— Task to carry out —
The pictures are to be left out, and all remaining data is to be transcribed exactly as it appears.

─── Information shown ───

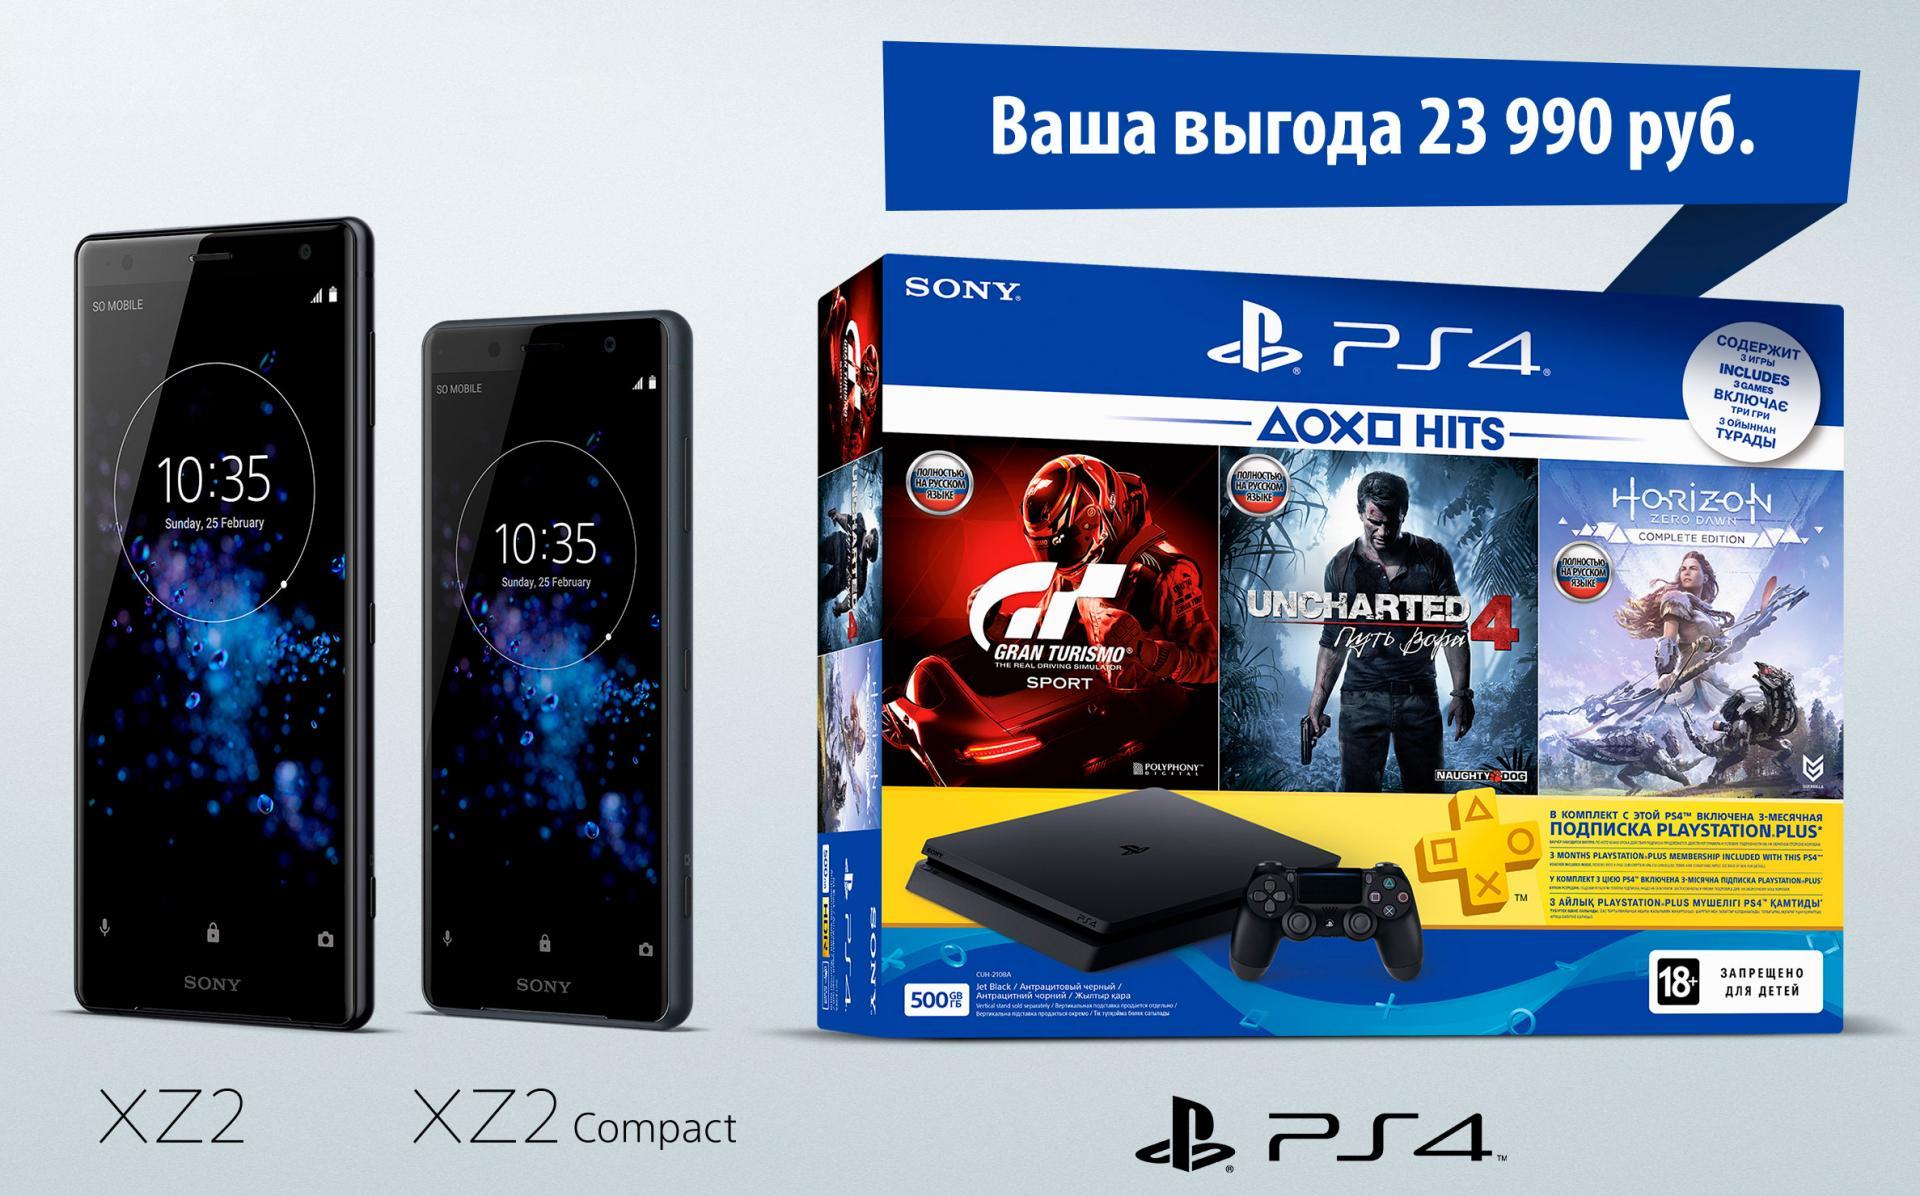 PlayStation 4 бесплатно! Только купи смартфон Xperia XZ2 или Xperia XZ2
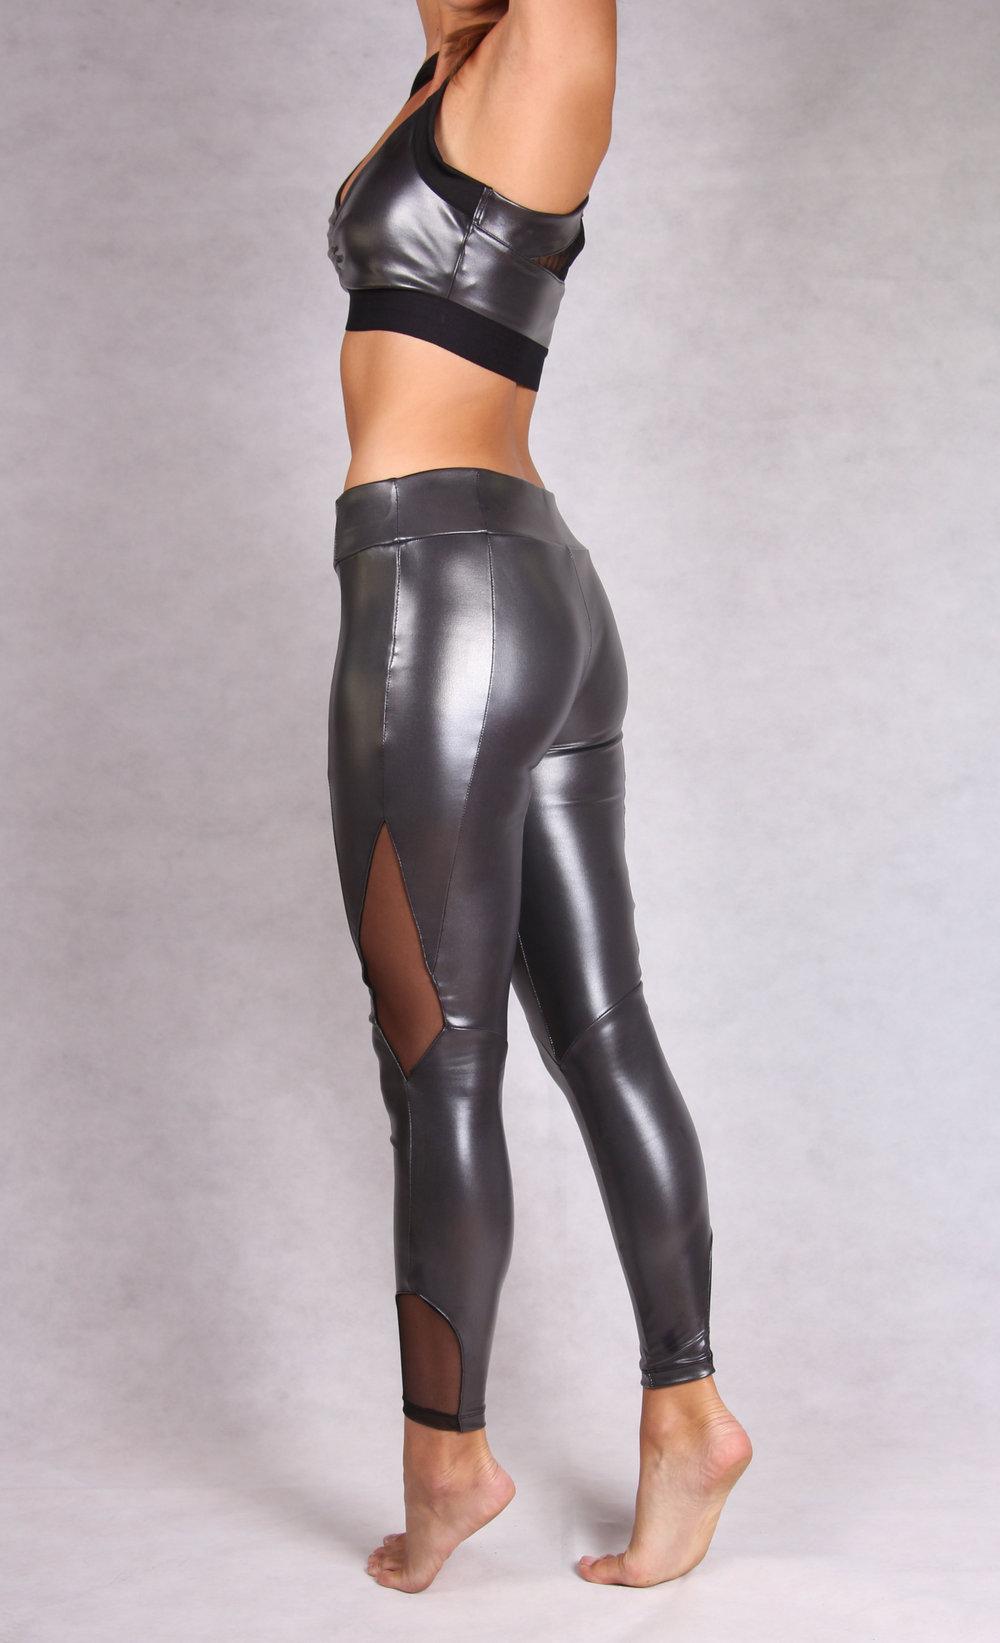 e8ba2377ef40fc WET LOOK LEG - 7/8 MESH DETAIL WET LOOK LEGGING — Kisaiya | Yoga Wear |  Yoga Clothes | Yoga Activewear for Women | Yoga Clothes for Women
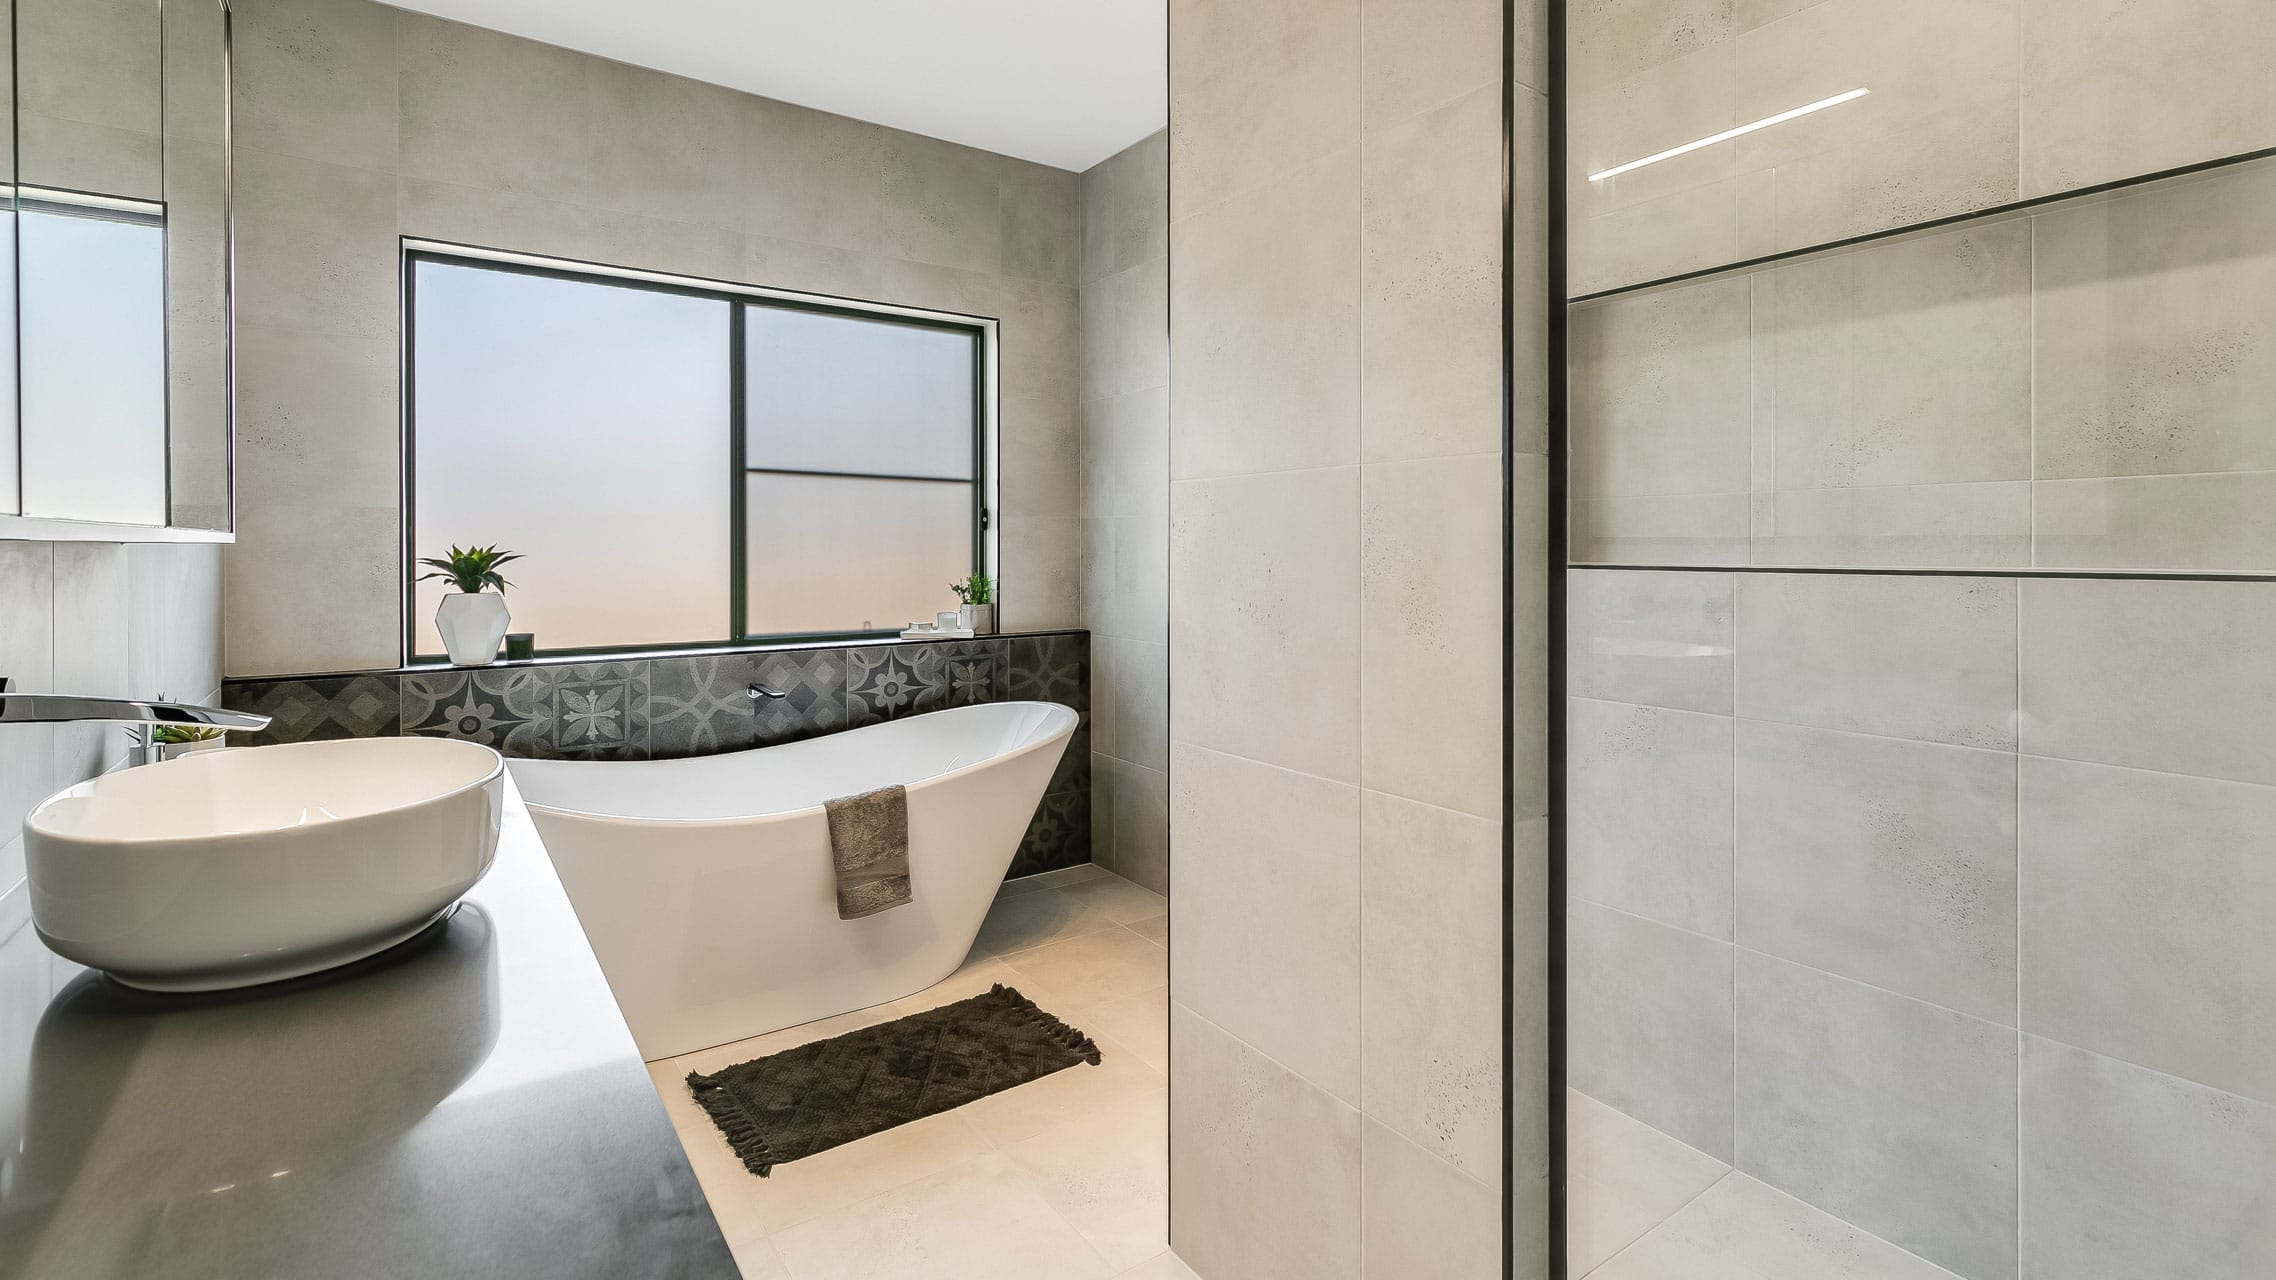 Sliding Window in bathroom

───

— Solution to this problem —
 PlayStation 4 бесплатно! Только купи смартфон Xperia XZ2 или Xperia XZ2
 e8ba2377ef40fc WET LOOK LEG - 7/8 MESH DETAIL WET LOOK LEGGING — Kisaiya | Yoga Wear |  Yoga Clothes | Yoga Activewear for Women | Yoga Clothes for Women
 Sliding Window in bathroom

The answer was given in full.